On Wed, 2006-03-15 at 21:39 +0900, Takashi Sato wrote:
> Hi,
> 
> As a disk size tends to be larger, some disk storages get to have
> the capacity to supply more than multi-TB recently.  But now ext2/3
> can't support more than 8TB filesystem in 4K-blocksize.  And then I
> think the filesystem size of ext2/3 should be extended.
> 
> I'd like to extend the max filesystem size of ext2/3 from 8TB to 16TB
> by making the number of blocks on ext2/3 extend from 2G-1(2^31-1) to
> 4G-1(2^32-1) as below.

> The max number of blocks is restricted to 2G-1(2^31-1) on ext2/3
> because of the following problems.
> 
Hi Takashi, nice work and summary.

> - The number of blocks is treated as signed 4bytes variable on some
>   codes for ext2/3 in kernel.
> 

Yes, there are a number of places in the ext3/2 code to use int to
represent the block number on disk, especially in block allocation code
e.g. ext3_new_block() returns an int type value for the new allocated
block. It uses "-1" to indicates failure to the caller, and on success
it will return a positive value of int.

When the ext3 block reservation were made into mainline, it continues
uses int type variable for physical block numbers in several places. I
did thought about fix this limitation together with the reservation
change but never get a chance to really work on it.

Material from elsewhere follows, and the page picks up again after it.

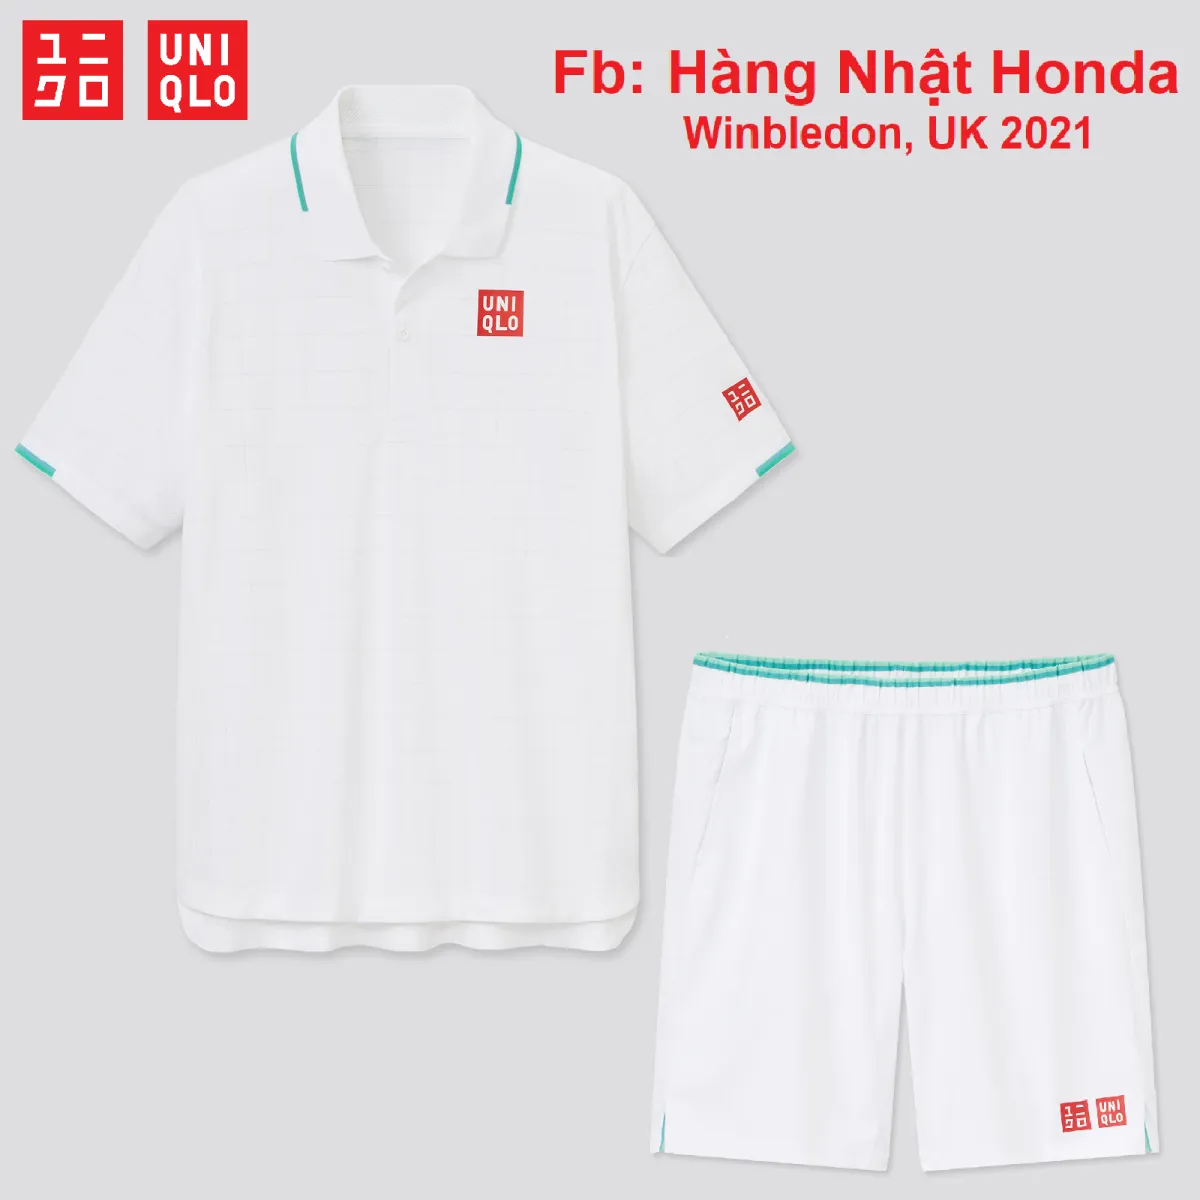 Bộ Thể Thao Uniqlo Nishikori Tennis Màu Nâu  Sumoauthentic  Thời trang  phụ kiện

You changed most of the affected variables from "int" to "unsigned int",
that seems allow block number to address 2^32. It probably a good thing
to consider change the variables to sector_t type, so when the time we
want to support for 64 bit block number, we don't have to re-do the
similar work again.  Laurent did very similar work on this before.

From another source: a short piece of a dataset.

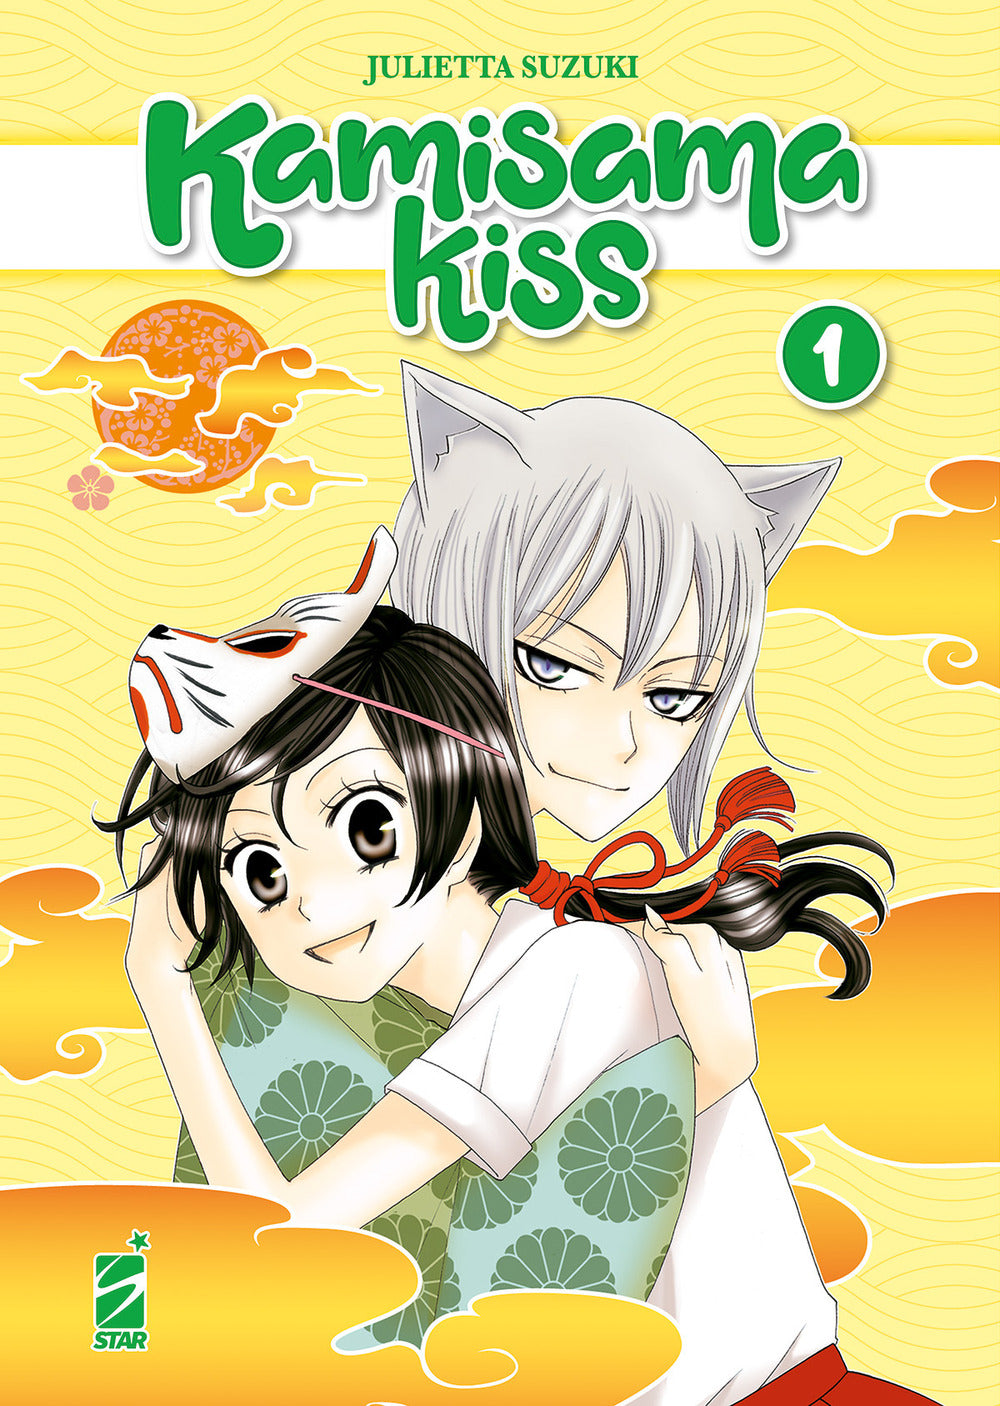 Kamisama kiss. New edition. Vol. 1.

> - Assembler instructions which can't treat more than 2GB is used
>   on some functions related to bit manipulation, like ext2fs_set_bit()
>   and ext2fs_test_bit().  These functions are called through mke2fs
>   on x86 and mc68000 architecture.
> 
> - A block number and an inode number is output with the format
>   string(%d, %ld) in many places on both kernel and commands.
> 

 Besides these limitations, I think there is one more to limit ext3
filesystem size to 8TB

- The superblock format currently stores the number of block groups as a
16-bit integer, and because (on a 4 KB blocksize filesystem) the maximum
number of blocks in a block group is 32,768 , a combination of these
constraints limits the maximum size of the filesystem to 8 TB

> This patch set is composed of two parts, for the kernel and e2fsprogs.
> 
> [1/2] kernel(linux 2.6.16-rc6)
>  - Change signed 4bytes variables for a block number and a inode
>    number, to unsigned.
> 

I noticed that the first patch set combines changes to ext2 filesystem
and changes to ext3 filesystem. It would be nice to split the changes to
two different filesystems.

The changes you made to ext3_new_block() is okey, as the group_block is
a block number relative to the block group, not to the whole filesystem,
and since we will convert the ret_block to the filesystem wide block
number, so keep group_block it as int type is fine. 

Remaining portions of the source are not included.